TASK TO COMPLETE —
Print out every line of the material exactly. Include no pictures.

SUPPLIED INFORMATION —

------------------------------------------------

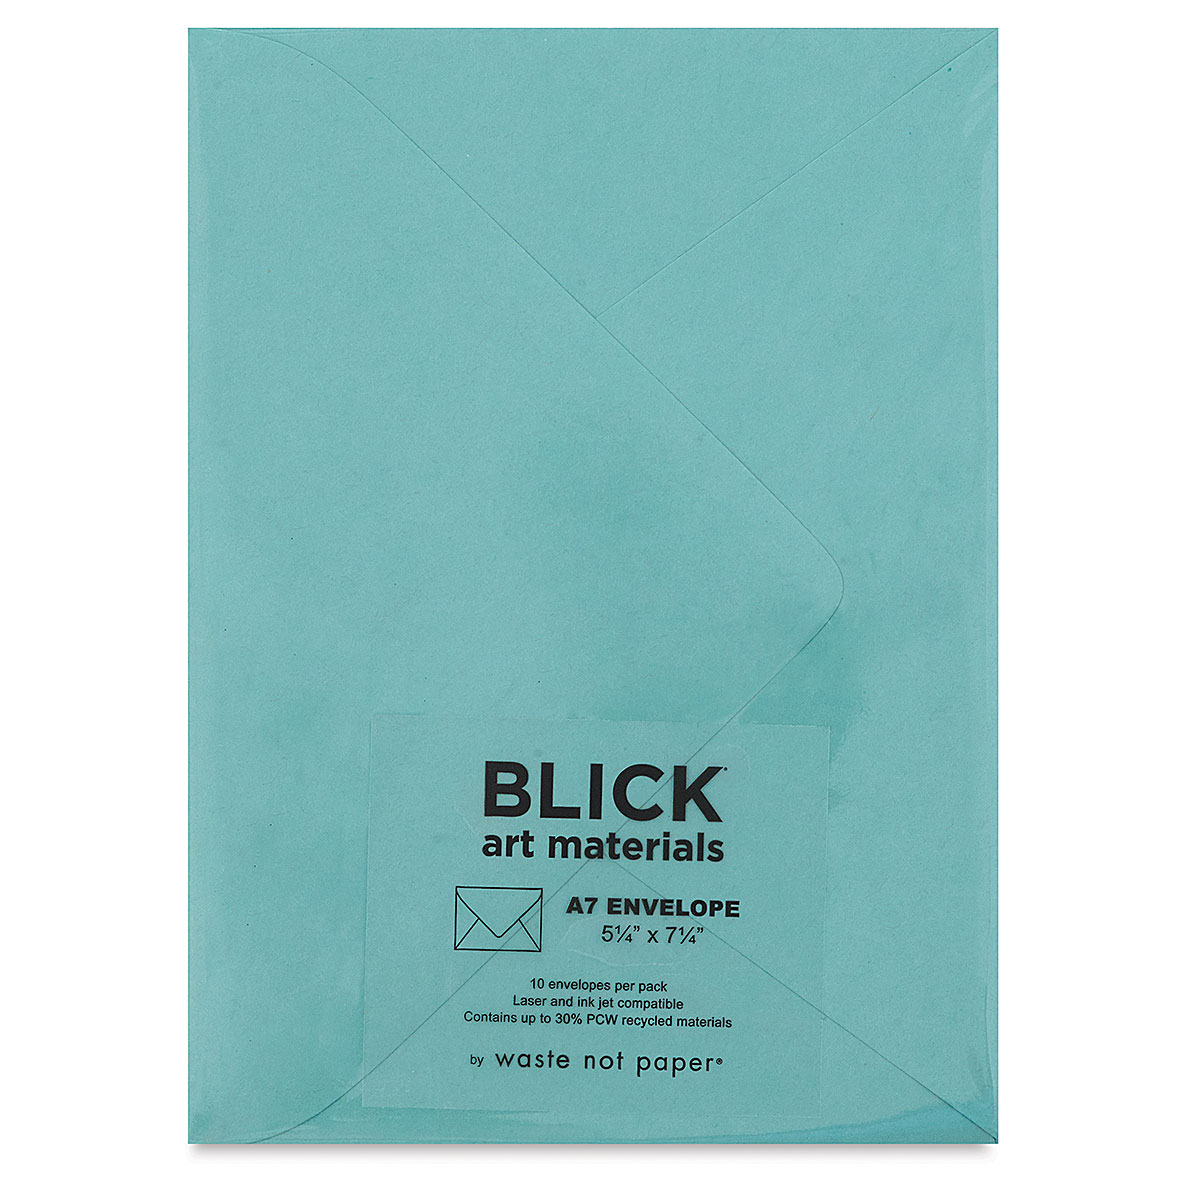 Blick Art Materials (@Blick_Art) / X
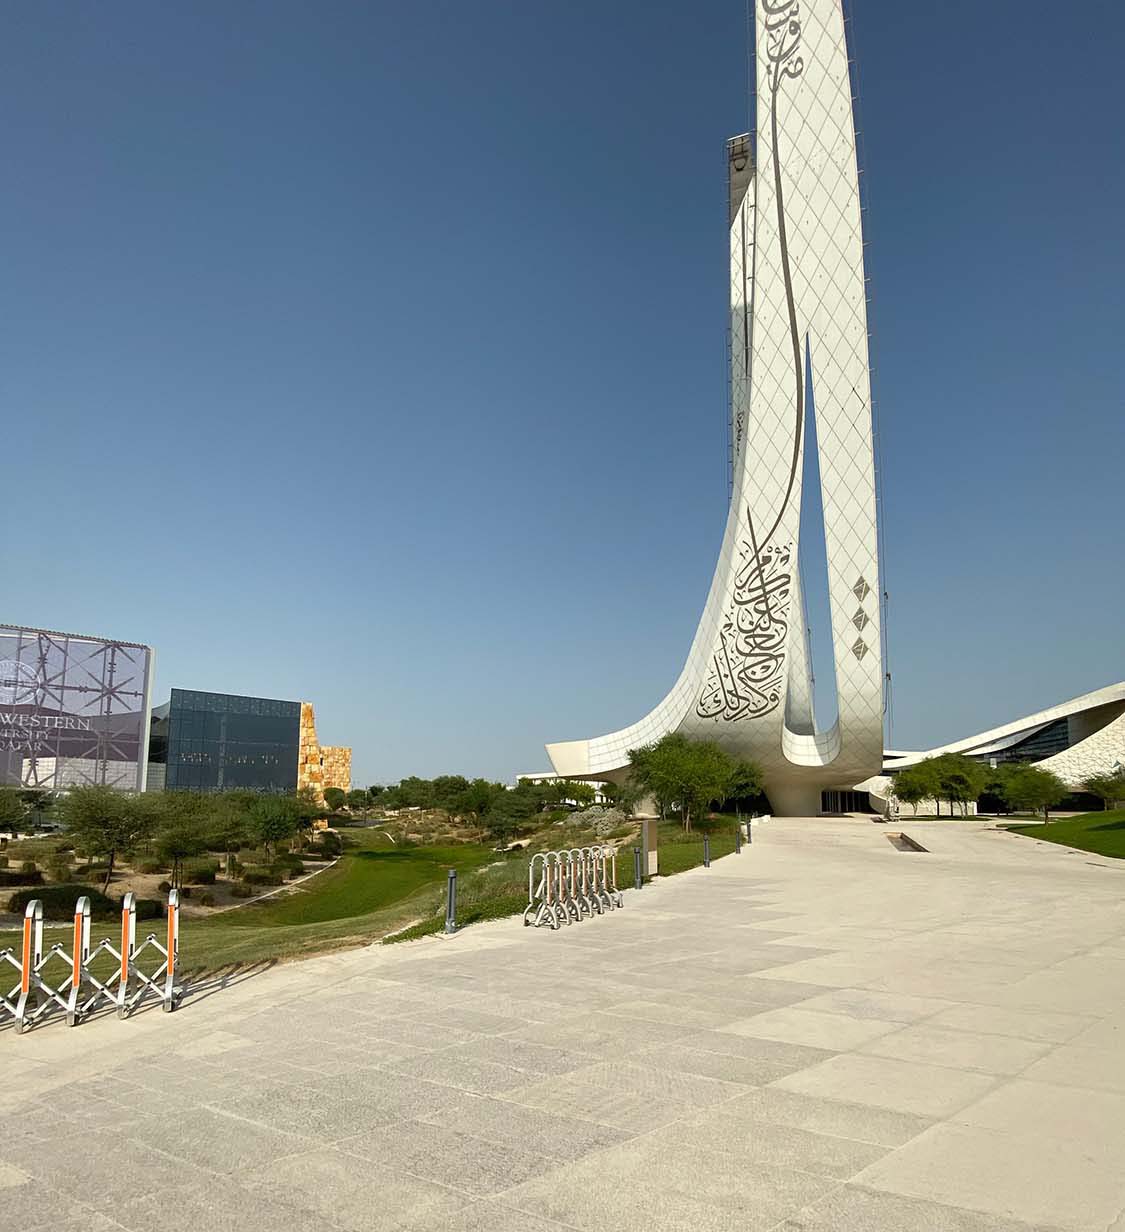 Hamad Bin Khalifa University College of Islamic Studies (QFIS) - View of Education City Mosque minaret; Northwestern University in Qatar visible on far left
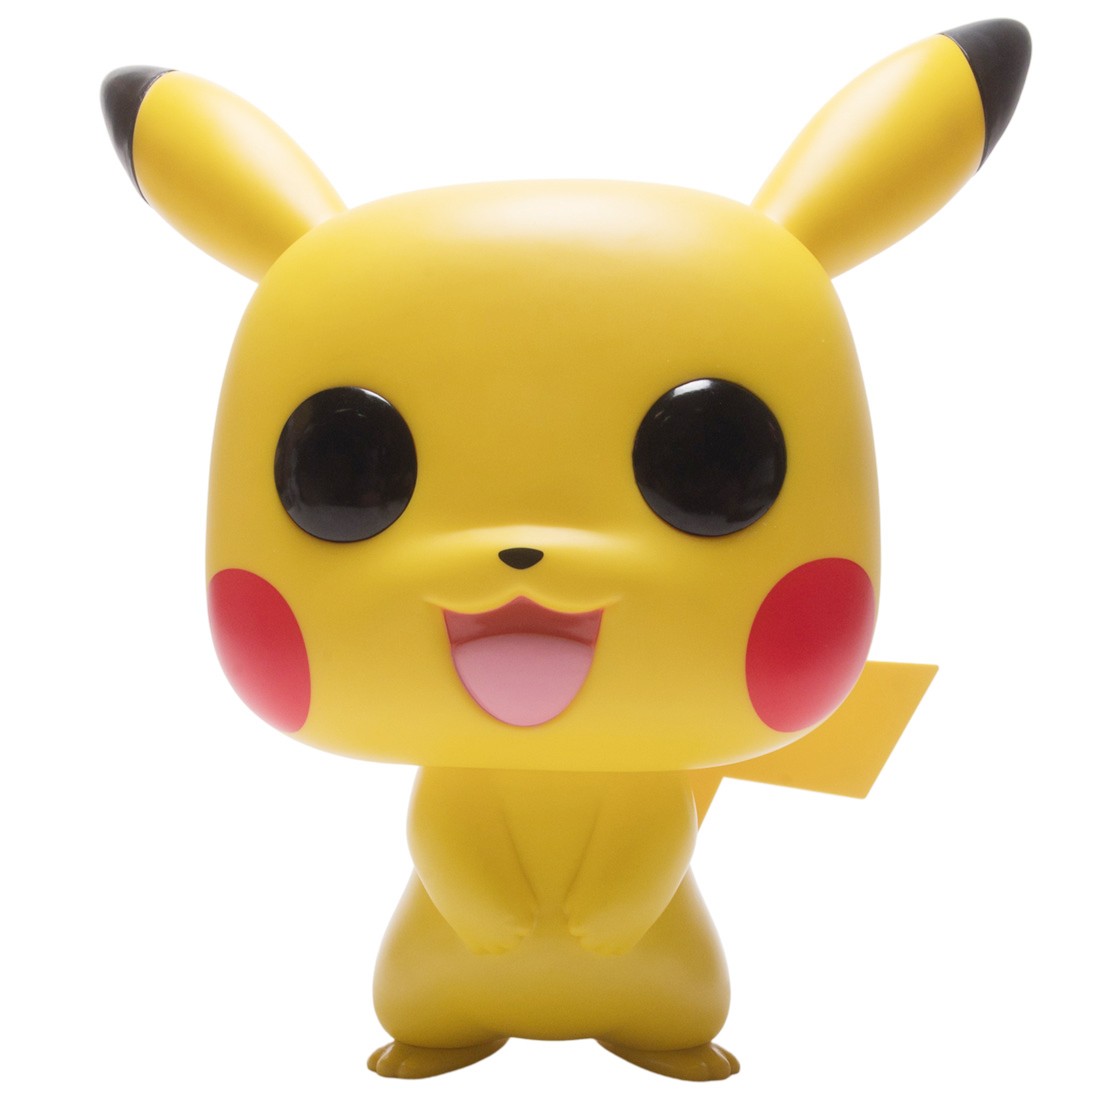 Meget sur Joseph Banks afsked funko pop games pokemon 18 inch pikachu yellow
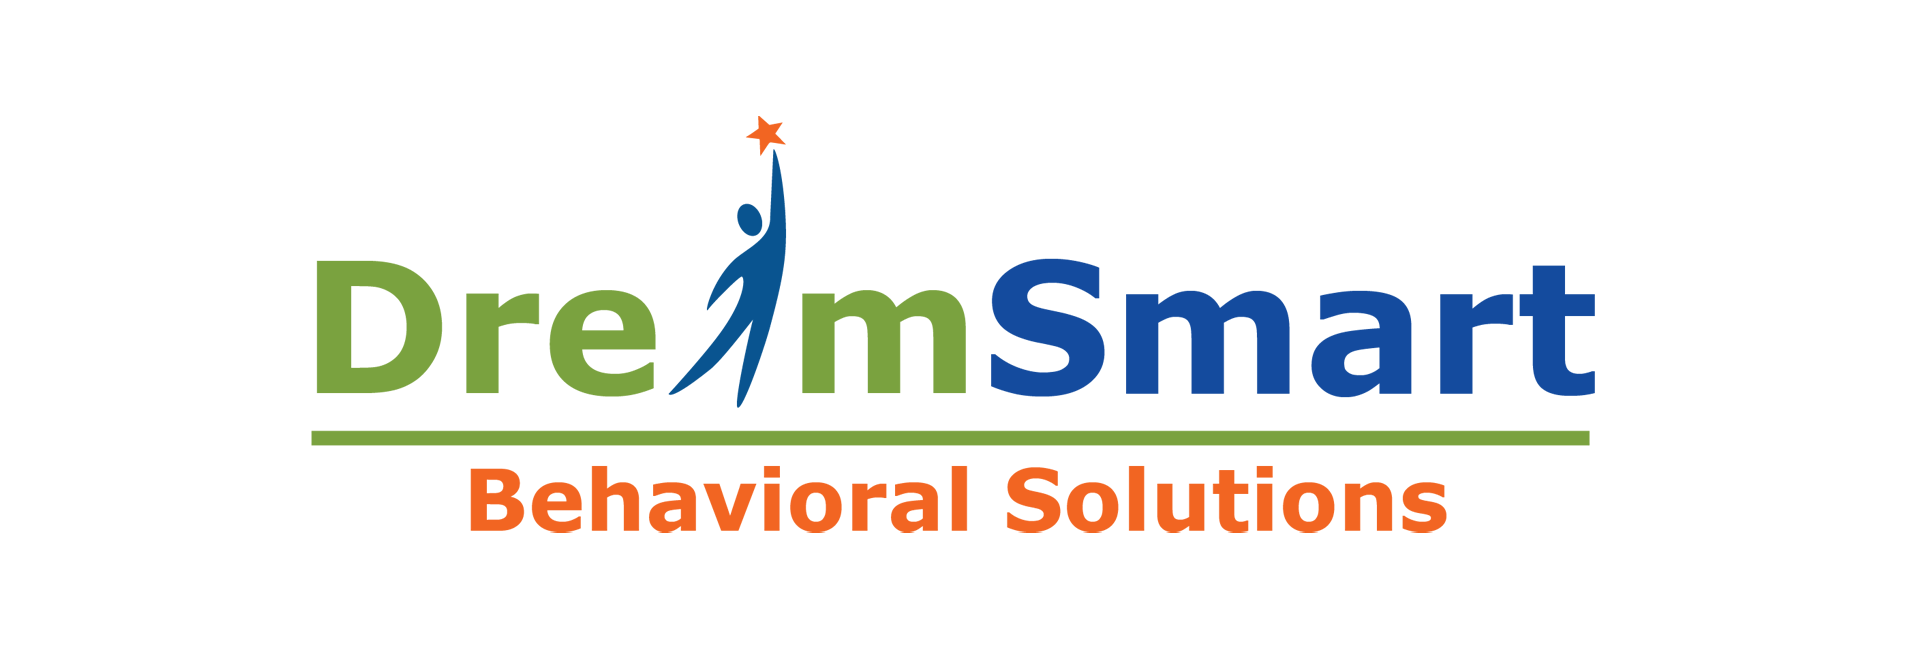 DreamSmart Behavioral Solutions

------------------------------------------------

EXERCISE SOLUTION —
 Blick Art Materials (@Blick_Art) / X
 Hamad Bin Khalifa University College of Islamic Studies (QFIS) - View of Education City Mosque minaret; Northwestern University in Qatar visible on far left
 Meget sur Joseph Banks afsked funko pop games pokemon 18 inch pikachu yellow
 DreamSmart Behavioral Solutions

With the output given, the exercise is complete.